Tucker: I am so pleased that Marc is willing to ask—and I’m sure I go into much greater detail than he wants to hear! But I want him to understand every bit of it. There’s also an important handoff from a market perspective and an investor perspective. Marc’s been taking part in the last couple of quarterly earnings calls and going to the different conferences, or going virtually. How to speak to investors and what the market is expecting is something that you don’t want to do in a quick way; you want to ease into it and get the rhythm of working.

The flip side is that taking over from a CEO who’s remaining as the executive chair can be complicated, even more so when that CEO is the founder of the company. Marc, how are you thinking about when you really need to be the face of the company versus Therese—and, to put it bluntly, can you tell her to back off?

Tucker: He’s done that already!

Huffman: We have a very productive, respectful relationship. We’ve got the support of our board, and each of us has members of the board who guide us. We’ve got a framework in terms of roles and responsibilities, so it’s pretty well thought out and specified. And generally when Therese talks, I try to understand her point of view and she tries to understand mine.

Tucker: Mark and I are aligned on values, we listen to each other, and we both treat each other with a great deal of respect.
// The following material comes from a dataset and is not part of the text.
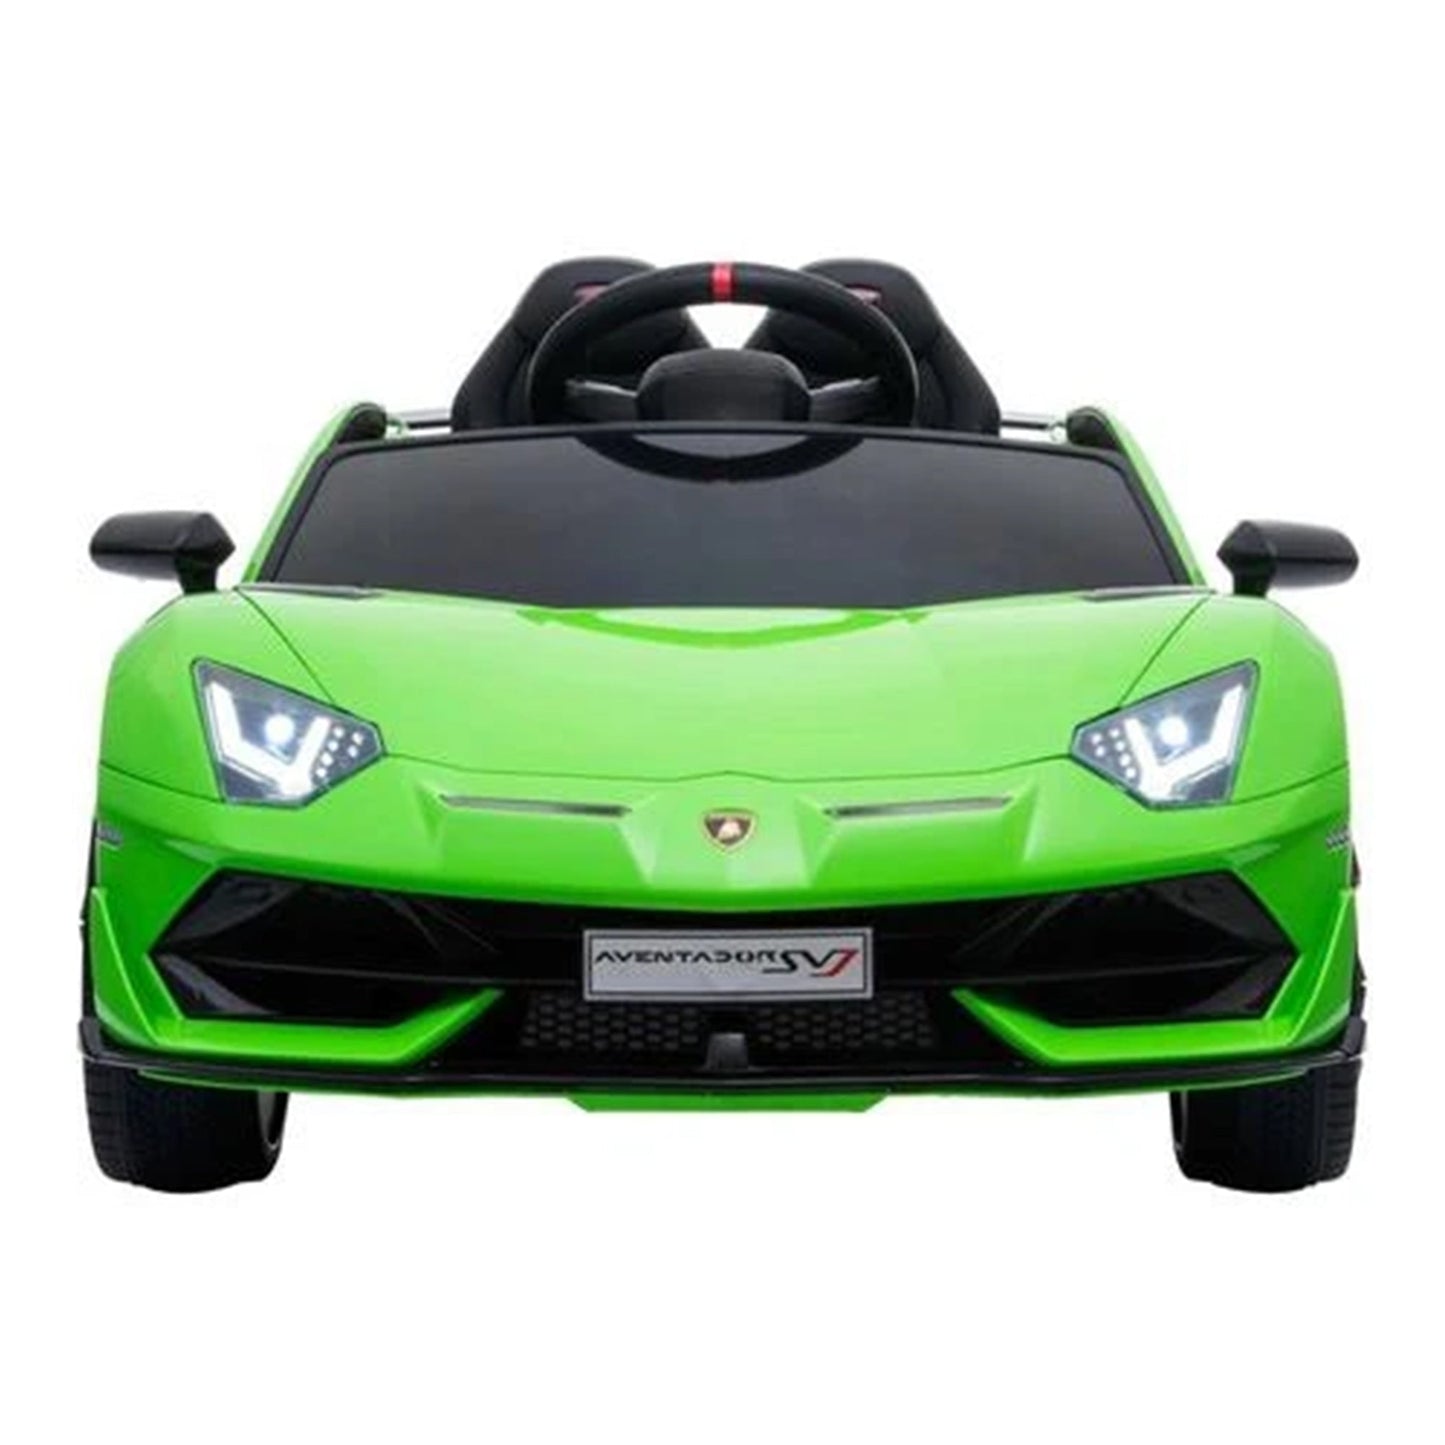 Green Lamborghini SVJ kids ride on car with parental remote control available at Kids Car store.

That lets you get through anything. It’s not about our egos, it’s about what’s best for the company.

As businesses are swept up in the national reckoning over racism, what has BlackLine done to respond to these calls for social justice, both inside and outside your company?

Huffman: BlackLine historically has been pretty apolitical, but we took inventory of our own opinions as a leadership team, and we chose to lean into it. We published a statement, and we began to accelerate a number of initiatives that we had already planned for the year around diversity and inclusion. That included unconscious bias training; we made a multiyear commitment to the NAACP Legal Defense Fund; we accelerated an employee matching program that was focused on a number of these areas; we created management goals to create a fair and just and more diverse workforce; and we’re hiring a diversity and inclusion leader who will report to our chief people officer.
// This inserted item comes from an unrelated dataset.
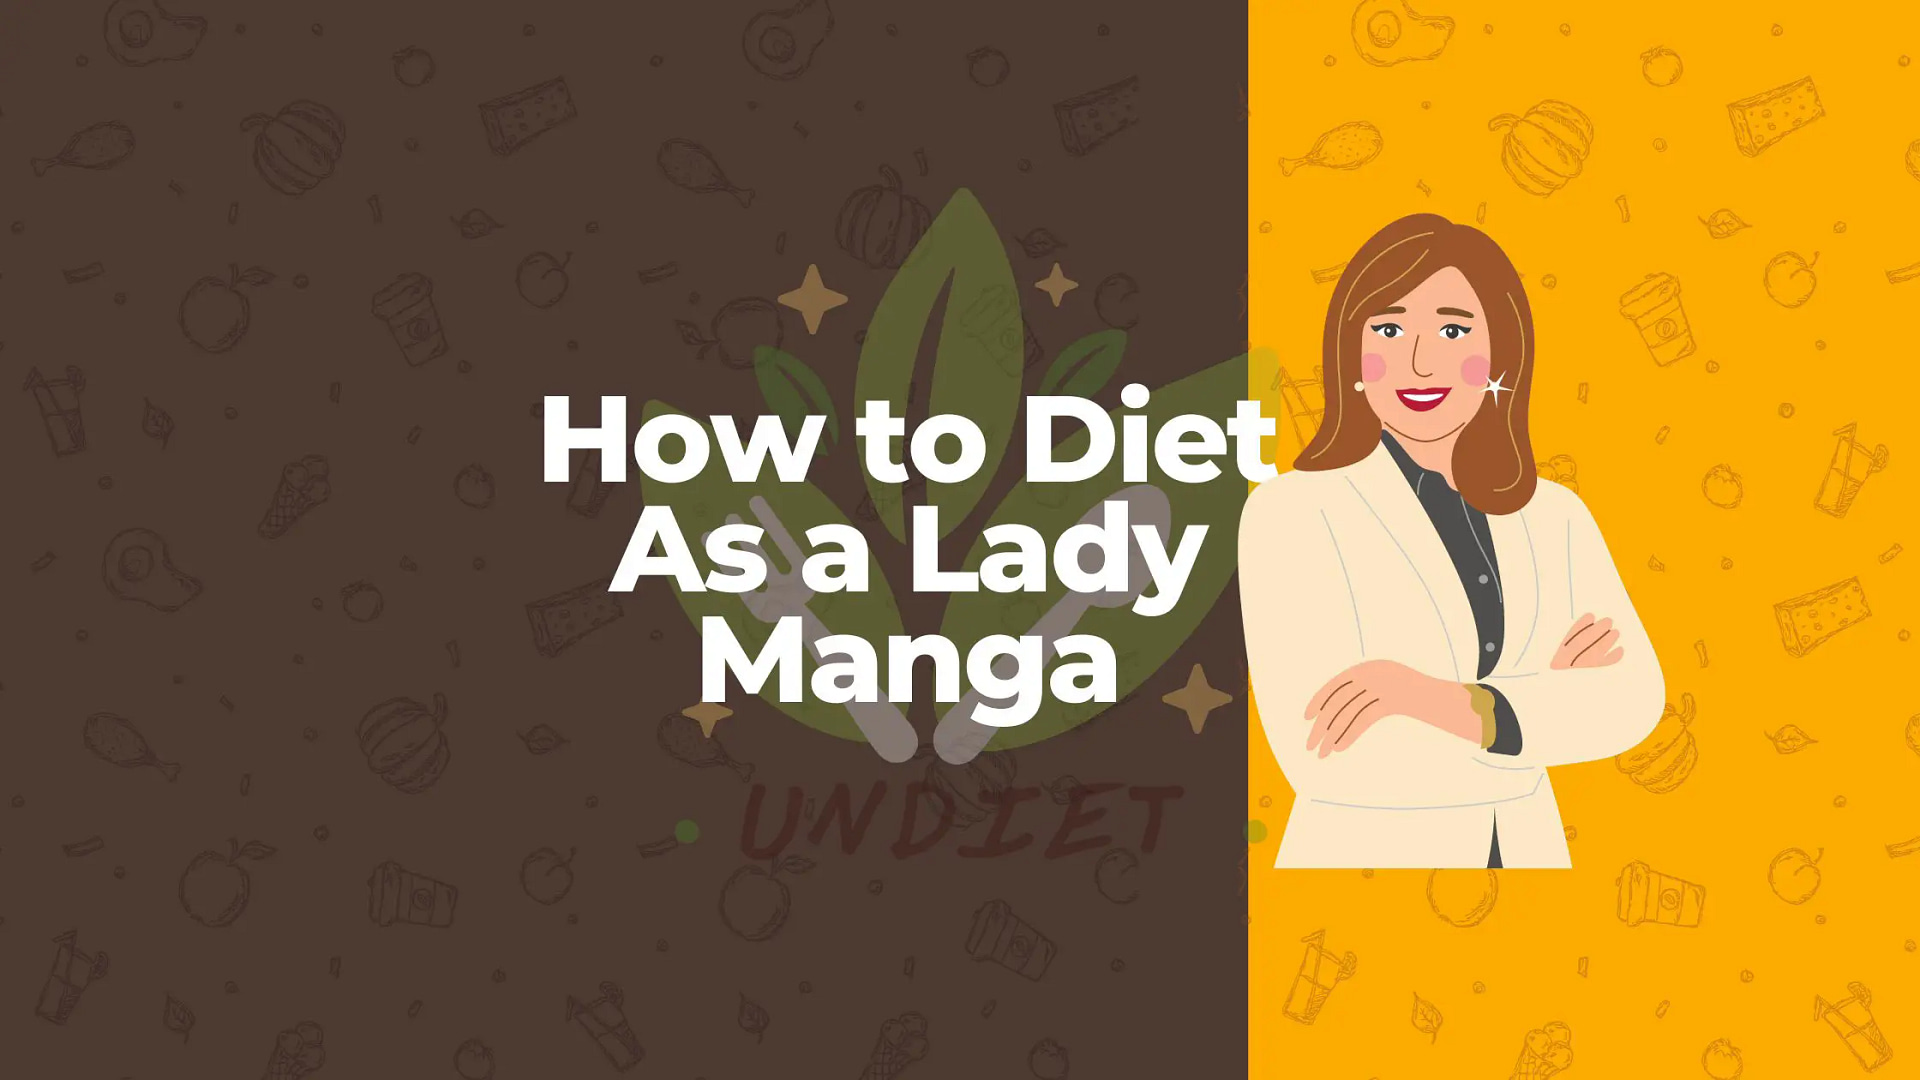 How to Diet As a Lady Manga

Tucker: As wonderful as BlackLine is, I still think that there’s room for improvement based on some of our employees’ experiences, which is almost certainly going to be true everywhere. We have been doing a lot of listening, and we are making changes to make sure that we get a lot better.

Are you publishing your racial and gender diversity statistics?

Tucker: I don’t think so. I know I was not wildly as happy as I could have been on the gender. It’s tough. Right? Technology and sales—I mean, it’s just hard.

Huffman: We’ve hired an independent third party to come in and assess us as an organization and make recommendations for us. Part of that is to identify our data, identify the proper benchmarks, and then build the plan to get to a better place.

Since my profile of Therese was published in 2017, I’ve had many people tell me what a role model you are to them. Often they’re women in tech. This is not about Marc specifically, but do you have any regrets about the fact that your successor is not going to be a woman?

Tucker: Honestly, not really, because I wanted the best for the company. Somebody with the skills that he has is extraordinarily rare. So I don’t have any regrets about that at all. And a good share of our senior management team is women. We’ve got three women on our board of directors. I think we’ve done a pretty good job there.

Do I wish that there were more women CEOs? Absolutely. There are not a lot of women executive chairs, either, or women who are founders of tech companies that go public. So we still have those things, and there’s still an opportunity to mentor women along the way. In fact, I’m hoping that I’ll have more time to be supportive of other women CEOs.

You once told me, “I’ll be ready to retire once everybody does it my way.” So is that mission accomplished?

Tucker: [Laughs] That is such an arrogant quote. With maybe a few more years of wisdom now, I’ll modify that: They either have to do it my way or convince me that their way is better. And then I’m good.